> WHAT IS EXPECTED
Please set out each line below exactly as it stands, without the images.

> DATASET CONTENT

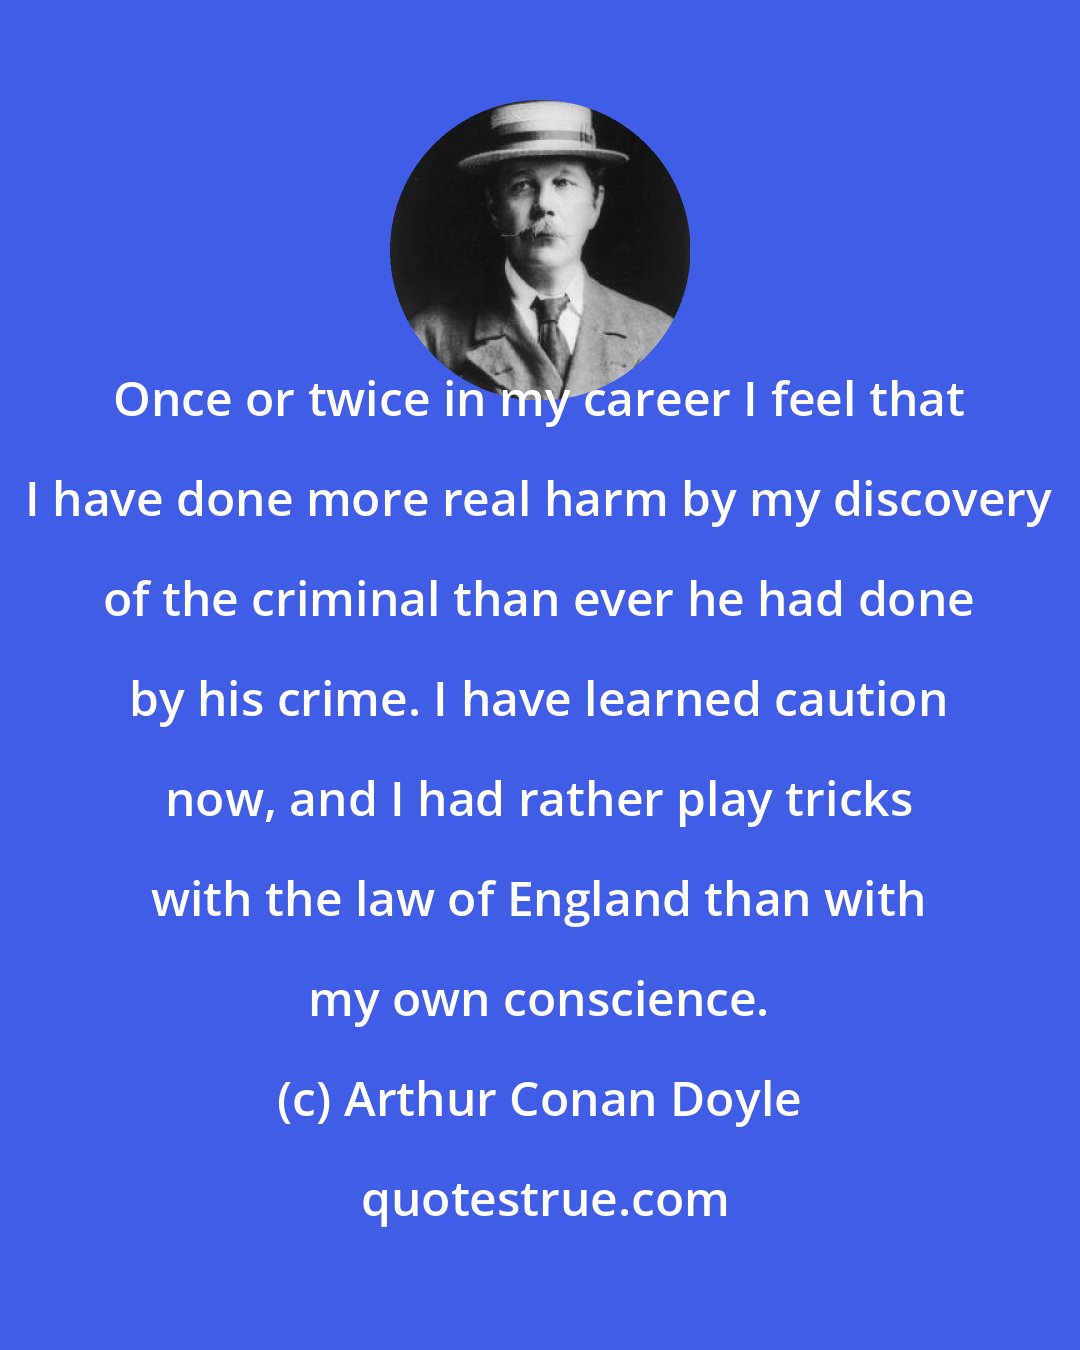 Arthur Conan Doyle: Once or twice in my career I feel that I have done more real harm by my discovery of the criminal than ever he had done by his crime. I have learned caution now, and I had rather play tricks with the law of England than with my own conscience.
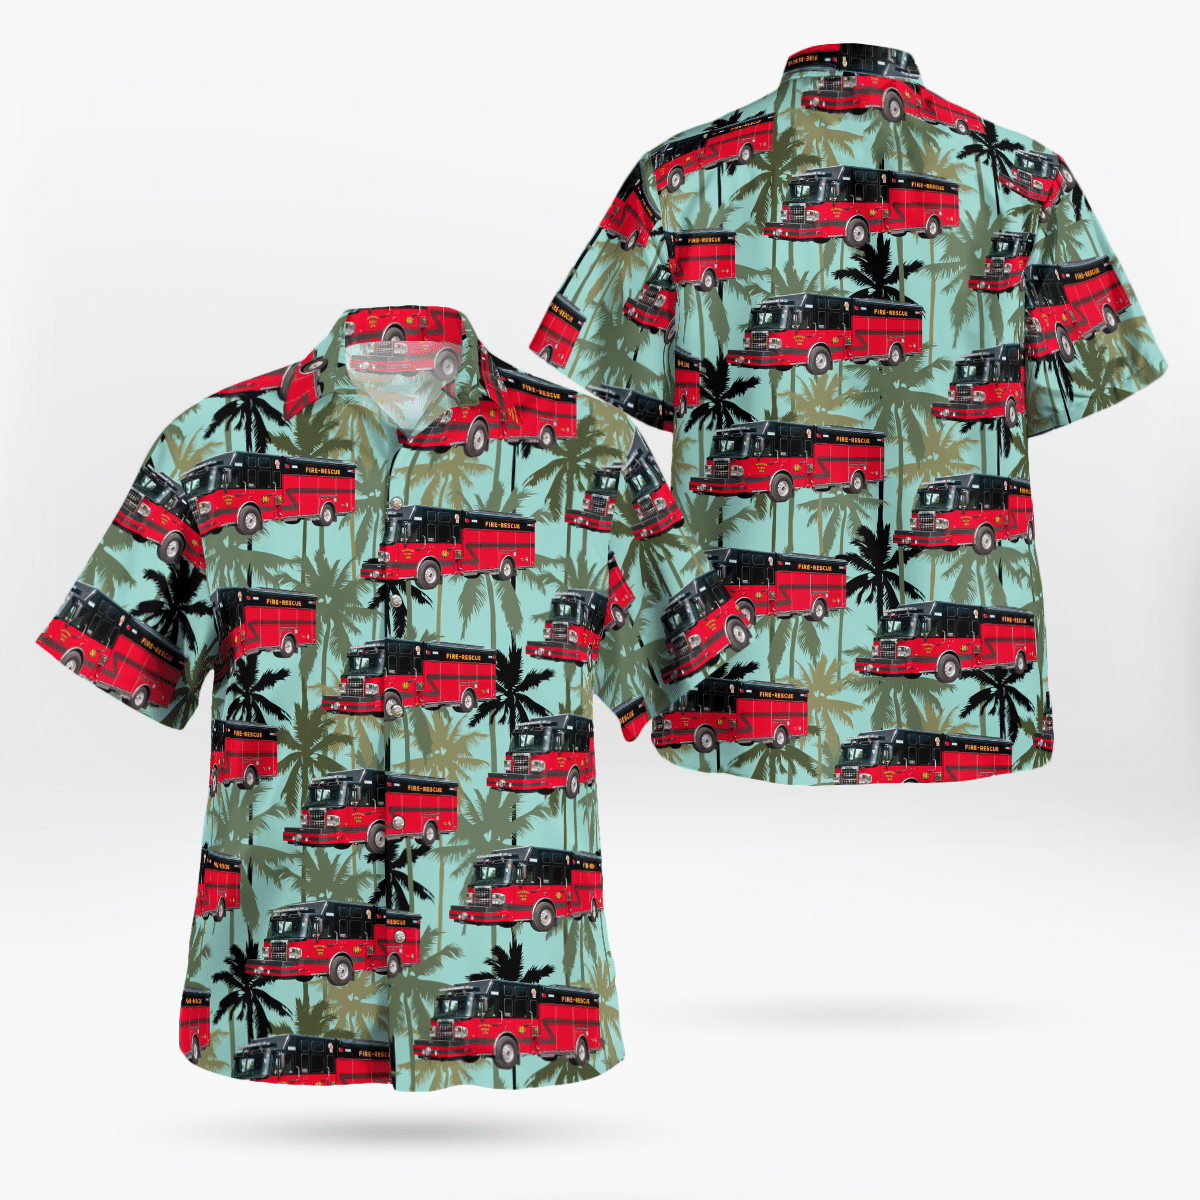 Discover A Great Place To Shop For An Affordable Hawaiian Shirt Word2
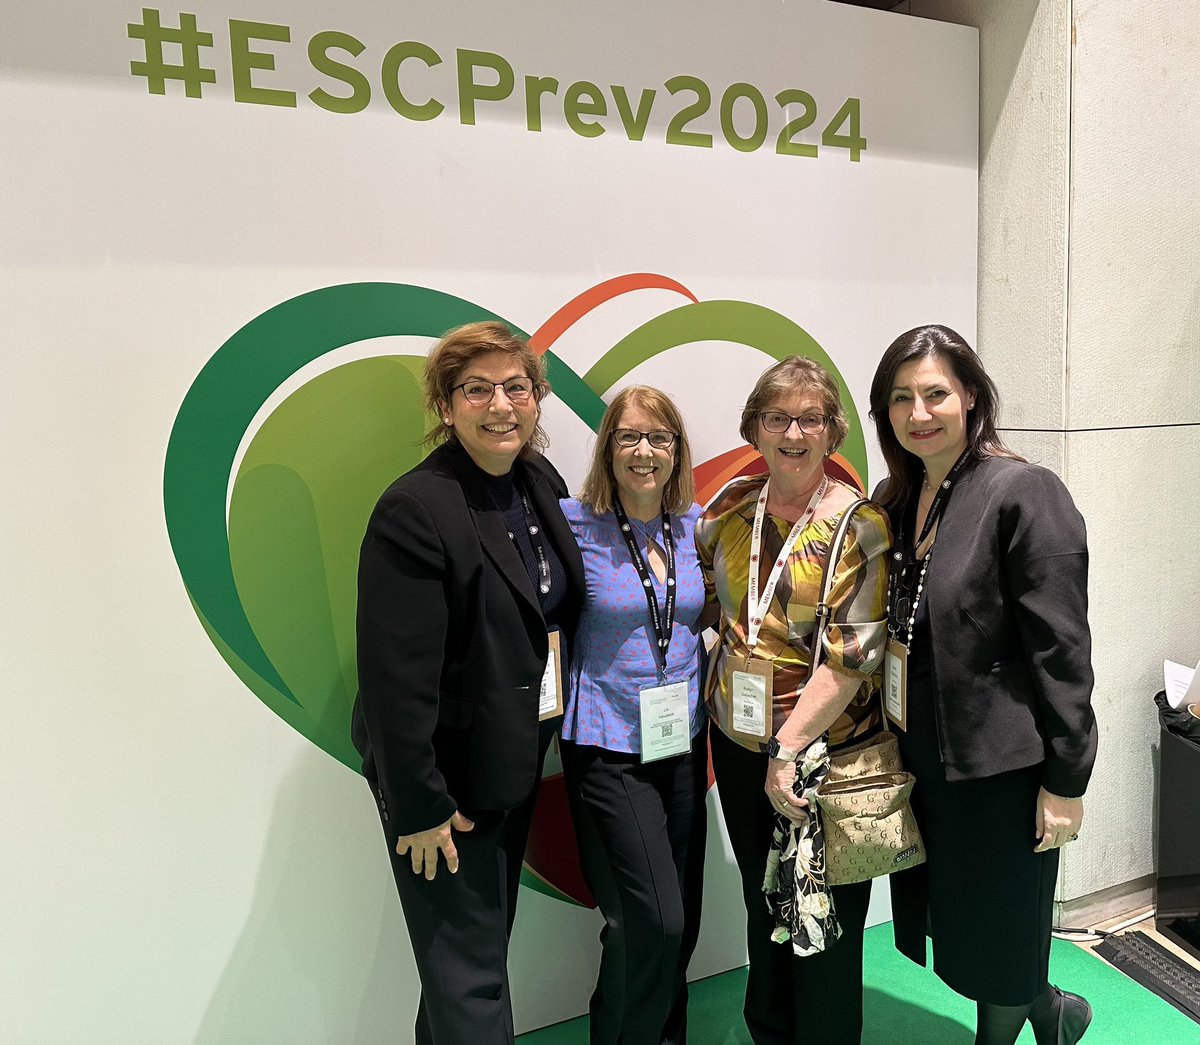 #Gratitude for amazing friends at #ESCPrev2024 🙏 @lisneubeck @elenikle @RobynDGallagher for your support & friendship 🩵 So wonderful to reunite & to meet you finally amazing Eleni @elenikle🌟
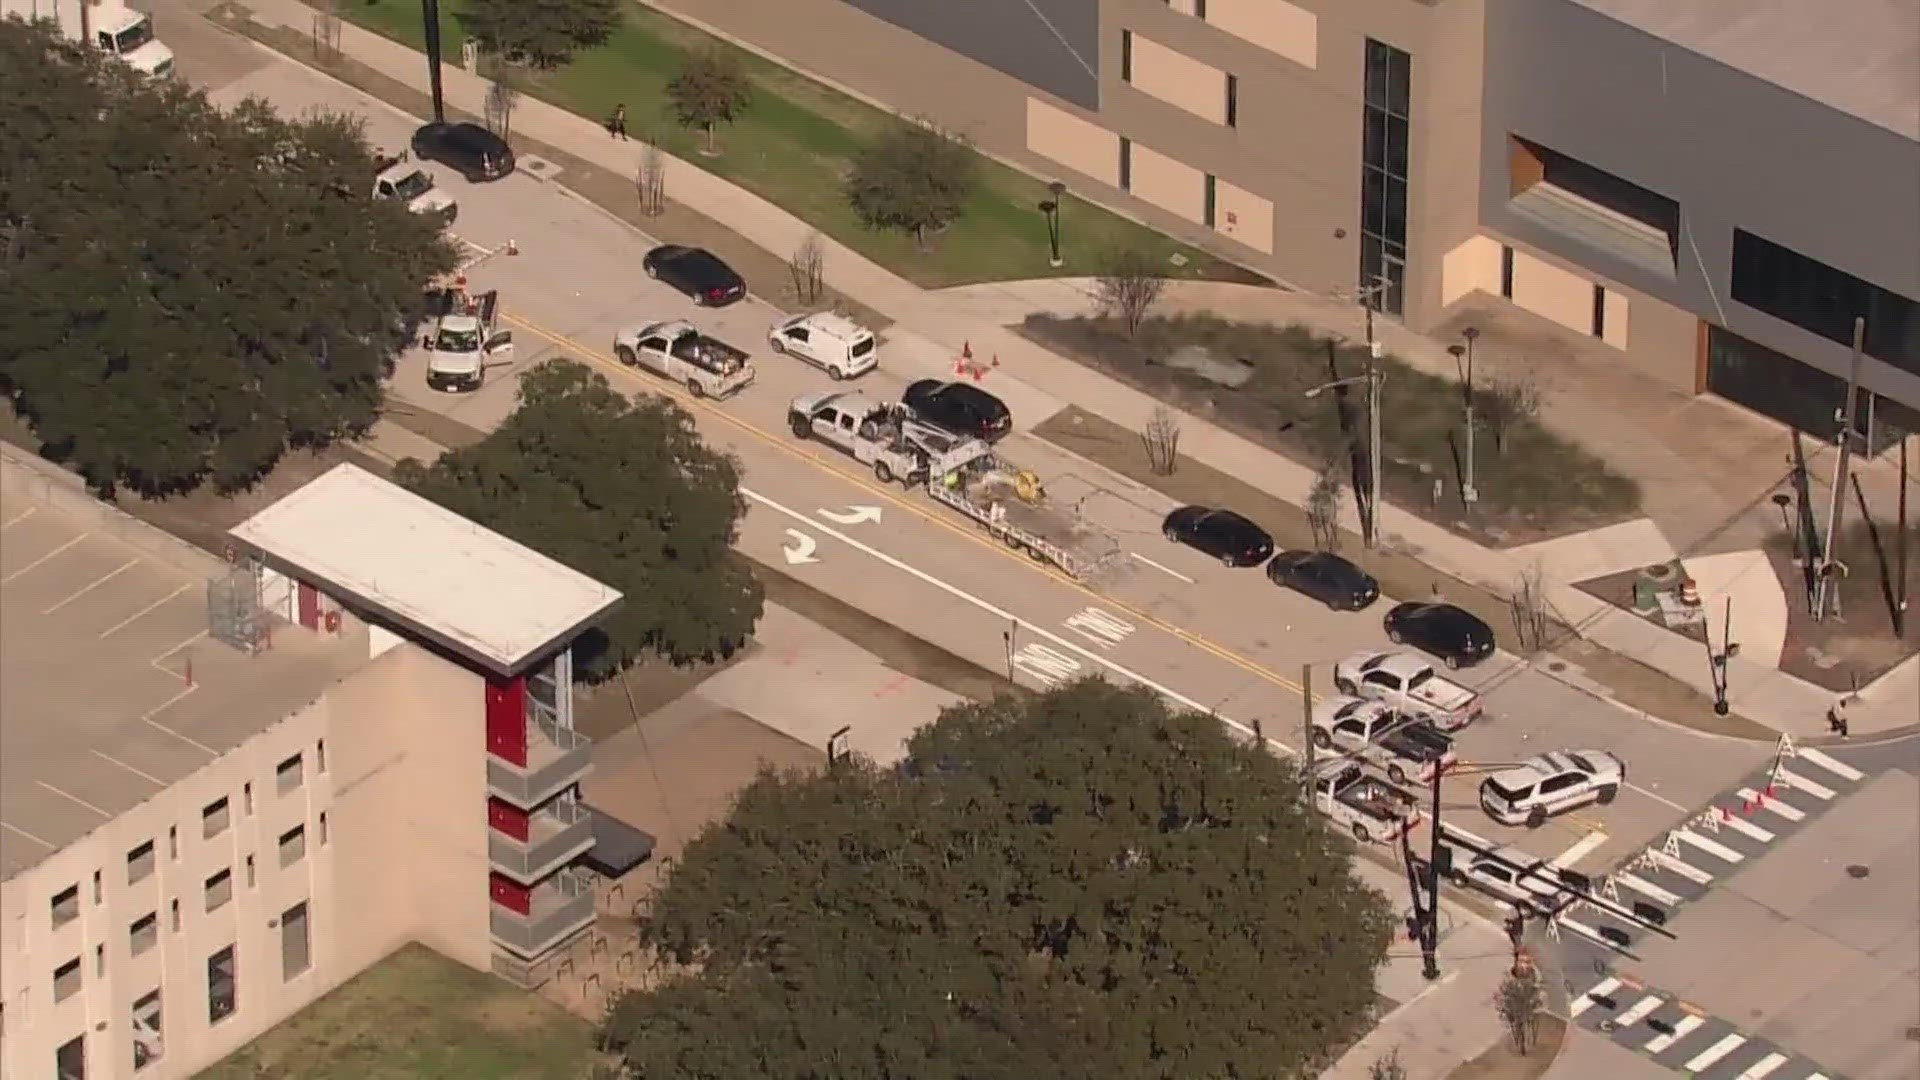 University of Houston officials said there was a gas leak near the football stadium on Monday.

> WRITTEN SOLUTION
 Arthur Conan Doyle: Once or twice in my career I feel that I have done more real harm by my discovery of the criminal than ever he had done by his crime. I have learned caution now, and I had rather play tricks with the law of England than with my own conscience.
 Discover A Great Place To Shop For An Affordable Hawaiian Shirt Word2
 #Gratitude for amazing friends at #ESCPrev2024 🙏 @lisneubeck @elenikle @RobynDGallagher for your support & friendship 🩵 So wonderful to reunite & to meet you finally amazing Eleni @elenikle🌟
 University of Houston officials said there was a gas leak near the football stadium on Monday.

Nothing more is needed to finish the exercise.